Yeni kriz en başta uzun yıllar Türk ekonomisinde lokomotif sektör rolünü üstlenen inşaat sektöründeki durumla ilgilidir. Dünyada en çok iş yapan 250 inşaat şirketi içinde 42 şirketle ikinci sırayı Türkiye’nin alması, bu sektörün Türk ekonomisinde üstlendiği rolün önemini ortaya koymaktadır. Ancak gelinen noktada gerek kaynak, gerekse sektörde yaşanan daralmaya bağlı olarak sektörün üstlendiği bu görevi devam ettirmede ciddi zorluklarla karşı karşıya kaldığını gösteriyor. Mali kaynak yetersizliği, yükselen konut fiyatları ve biriken konut stoku arasında sıkışan sektör, yeni bir krizin tetikleyicisi olma işaretleri veriyor.

Rantın dağılımının, rüşvet ve yolsuzluk ekonomisinin en önemli kaynaklarından da biri olan inşaat sektörünün sorunları, burjuva siyasette yeni bir çatışmanın da fitilini ateşledi. İktidar ve kişisel hesaplarını bu sektör üzerine kuran Erdoğan ve avenesi, sektörün canlandırılmasını nitelikli çoğunlukla iktidara gelmenin bir koşulu olarak görüyor. Bunun için canhıraş faizlerin düşürülmesini sağlıyor. Böylece hem zorda olan sektöre ucuz mali kaynak sağlanabilecek, ucuzlayan tüketici kredileriyle mevcut konut stoku eritilecek, hem de bu canlanma oya tahvil edilebilecek. Hesap budur. Bu hesap karşısında silikleşen Türk burjuvazisi bir köşede sinerken, hesabı uluslararası burjuvazi baltalıyor.

Erdoğan’la Merkez Bankası arasında bir düelloya dönüşen bu kavgada burjuvazi sesini kısıp bir kenarda otururken, görevi, ondan 390 milyar dolar alacaklı olan (bu miktarın % 25’ini bankaların borcu oluşturuyor) uluslararası sermaye üstleniyor. Yunanistan örneği henüz tazeliğini korurken, buna bir yenisinin eklenmemesi için harekete geçerek Merkez Bankası ve Babacan’a kol kanat geriyor.

Öyle ya da böyle, bu kavgadan ister Erdoğan galip çıksın, faizler düşürülerek sektörde, (ekonomide) oya tahvil edilebilecek geçici bir rahatlama sağlansın, ya da faizler yükseltilerek dış kaynak sorunu bu yolla çözülmeye çalışılsın, görünen 2015 ve 2016’nın Türkiye için ekonomik açıdan da çok zor geçeceğidir.
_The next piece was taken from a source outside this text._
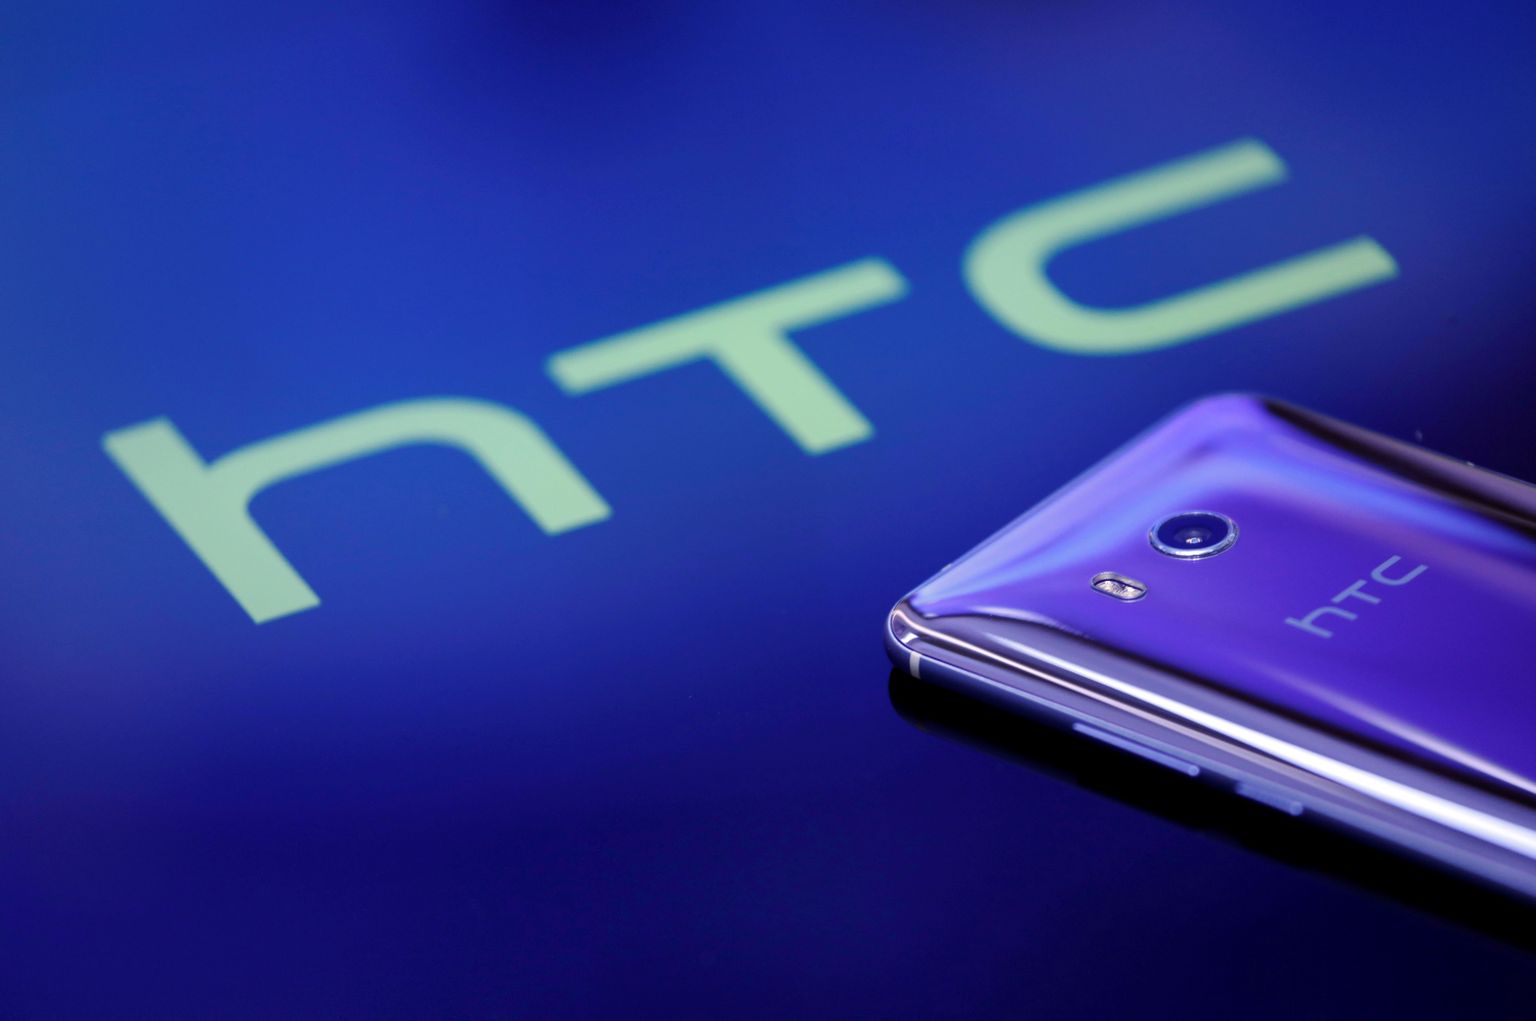 HTC mobiiltelefon

AKP’nin, iktidarını sürdürmesi için de ayrıca gereksinim duyduğu ve ‘ne olursa olsun’ çıkaracağını açıkladığı iç güvenlik paketinin arkasında bu siyasal ve ekonomik durum ve bunun barındırdığı, Kürt sorunundan kaynaklanan fiili ve işçi sınıfından kaynaklanabilecek potansiyel tehdit yatmaktadır. Yasanın çıkarılmasına verilen önem ve “çözüm” süreciyle birlikte ele alınması, tehlikenin ne ölçüde ciddiye alındığını göstermektedir.
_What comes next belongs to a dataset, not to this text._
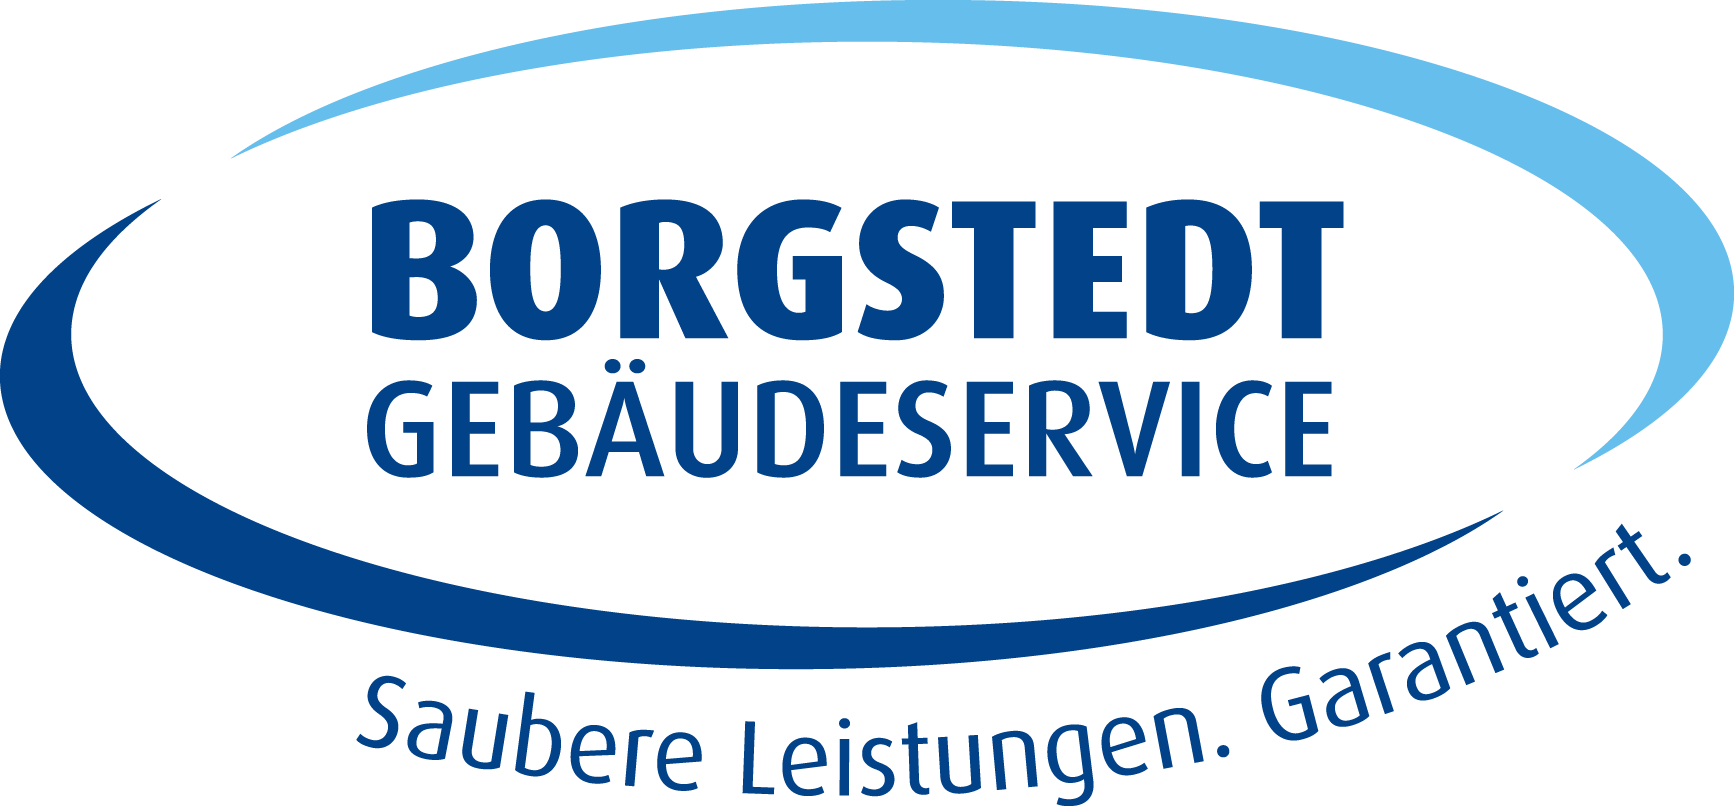 Borgstedt Gebäudeservice GmbH

Çıkartılmaya çalışılan paketin en önemli özelliği burjuvazinin sınır tanımaz sınıf diktatörlüğü ile bunun yasal biçimi arasındaki sınırların silikleştirilmesidir. Başka bir ifadeyle, egemenliği sınırlayan yasal engellerin aşılmasıdır. Tarihsel deneyimin de doğruladığı gibi, burjuvazi ne zaman mal ve can tehdidini birlikte yaşamaya başlamışsa, o zaman hep yasanın yerine çıplak terörü ikame etmiştir. İç güvenlik adı verilen paket, MİT yasasının bir devamı ve tamamlanmasıdır. MİT yasasıyla yasal zeminde operasyonel bir örgüt haline getirilen MİT’e, aynı zamanda toplumun çeşitli katmanları içinde (palalı, bıçaklı “esnaf” timleri gibi) paramiliter örgütlenmeler kurma  olanağı sağlandı. İç güvenlik yasası, aynı yasa tanımazlığı şimdi polis ve jandarma için düzenliyor. Valilere, kaymakamlara, polise ve jandarmaya verilen yeni yetkilerle, bu güçler adeta birer pratik yasa koyucu ve uygulayıcı haline getiriliyor.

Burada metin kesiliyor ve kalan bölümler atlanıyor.